It is alleged that, the Petitioner had obtained the job at the first instance by relying on some fake documents. However, this was not pointed out for a very long time and the Petitioner was allowed to work in the department and get promotions by sitting in appropriate test/s. The authorities did not exercise due care and caution for an inordinately long time. So, the alleged illegality could be detected after nearly 11 years of service of the Petitioner. All this long, the Petitioner worked in the capacity in which he was to serve the employer. The very fact that, the Petitioner was promoted on certain occasions makes it abundantly clear that, he was doing his job quite well.
Although ordinarily an act of fraud would vitiate a process and would date back to the earliest point in time when the engagement in question was initiated, yet a patent lack of care, caution and sincerity on the part of an employer in detecting the same could act as an acquiescence and as a consequent waiver of irregularity in certain cases. In the present case, a hiatus of 11 long years in the employer's urge to exercise reasonable care and caution does vitiate the belated departmental proceeding. The decisions relied upon on the issue of effect of delay, too indicate that an inordinate and unexplained delay may act as a bar to such a belated proceeding.
As regards non supply of copies, the view of the learned Tribunal that, the Petitioner failed to explain why he needed the copies of documents is not quite relevant. All the documents that would be relied upon against the Petitioner have to be supplied to him. Even as far as the other documents available with the employer, it was the Petitioner's right to pray for supply of such documents, which would ensure to his benefit. The failure of the authorities to supply copies of documents as sought by the petitioner strikes the proceeding at its root.
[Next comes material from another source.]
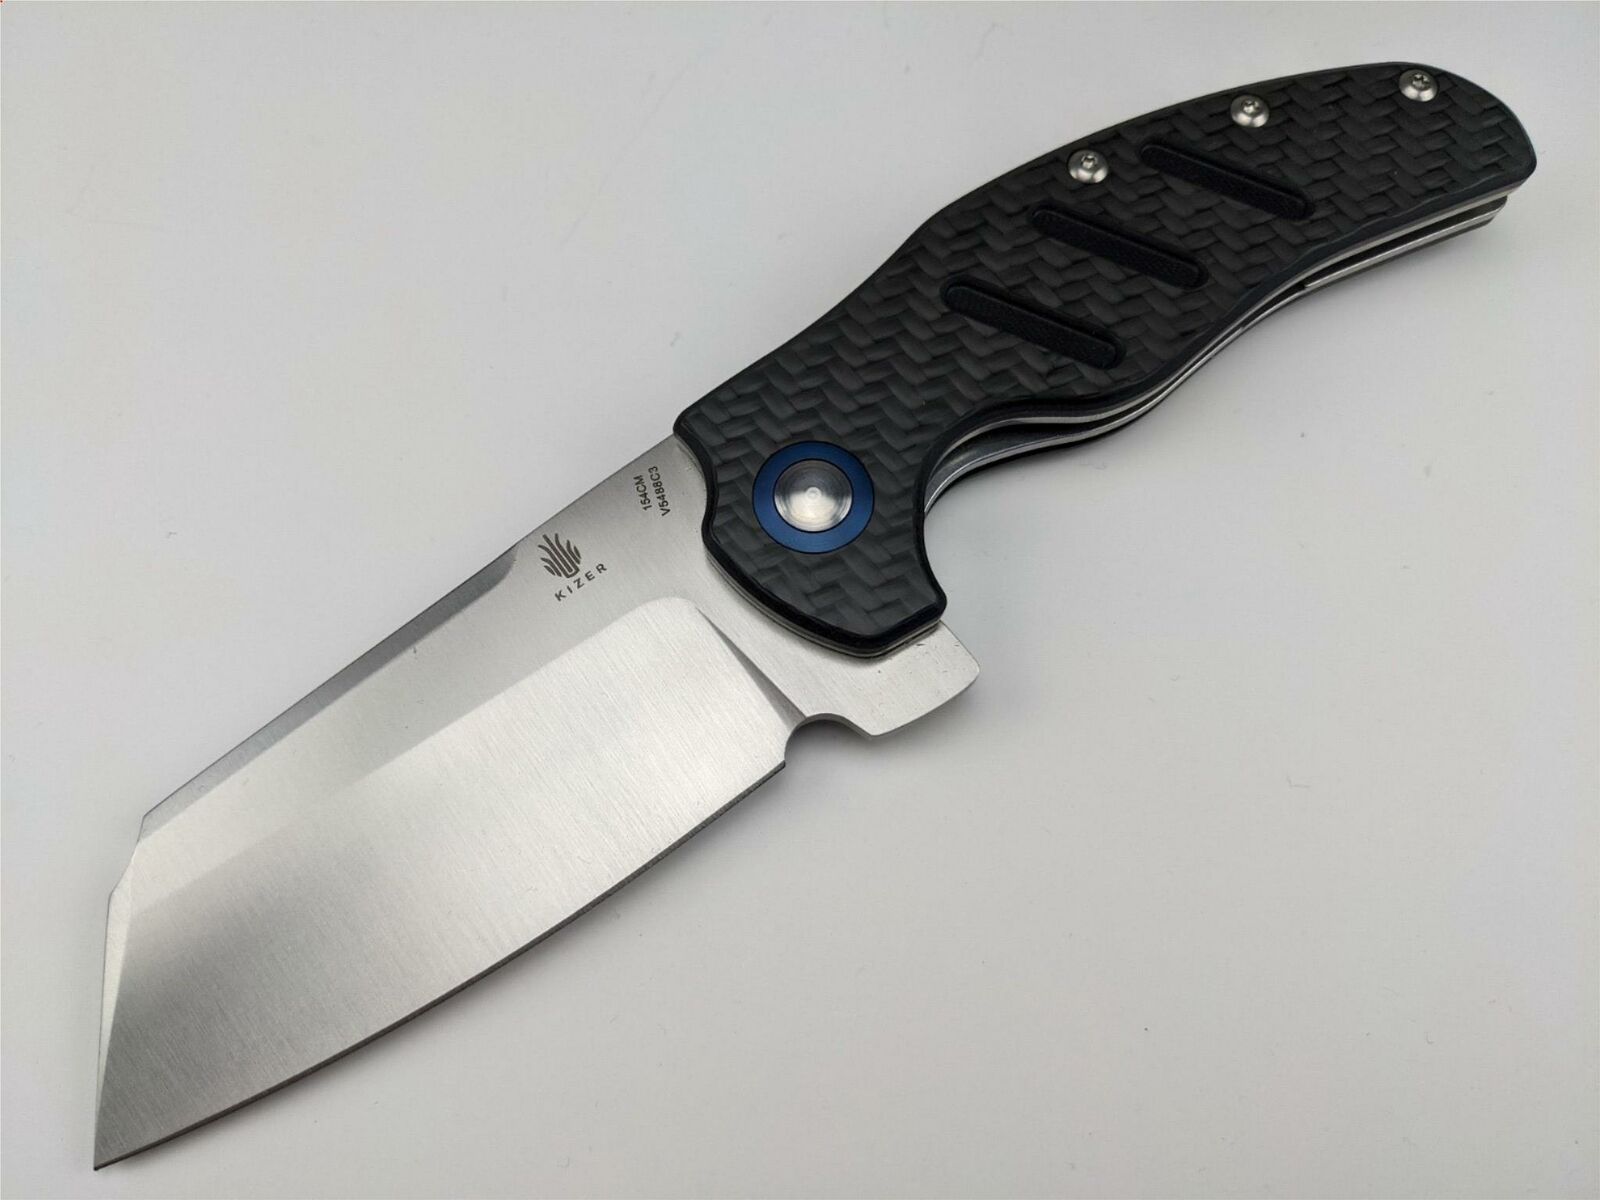 Kizer Sheepdog XL C01C Knife - V5488C3 154CM Blade Steel - Carbon Fiber Handle

So far as the withdrawal of the first charge sheet and the introduction of second is concerned, the same too could not be casually brushed aside. There is an established procedure by which a charge sheet in a departmental proceeding can be withdrawn and a second one instituted. In the present case, no worthwhile reason was cited for withdrawing the first charge sheet and instituting the second charge sheet. Such cavalier acts seriously prejudicing an employee cannot be sustained in the eye of law. Accordingly, the impugned order passed by the Learned Central Administrative Tribunal is set aside. The writ application is allowed.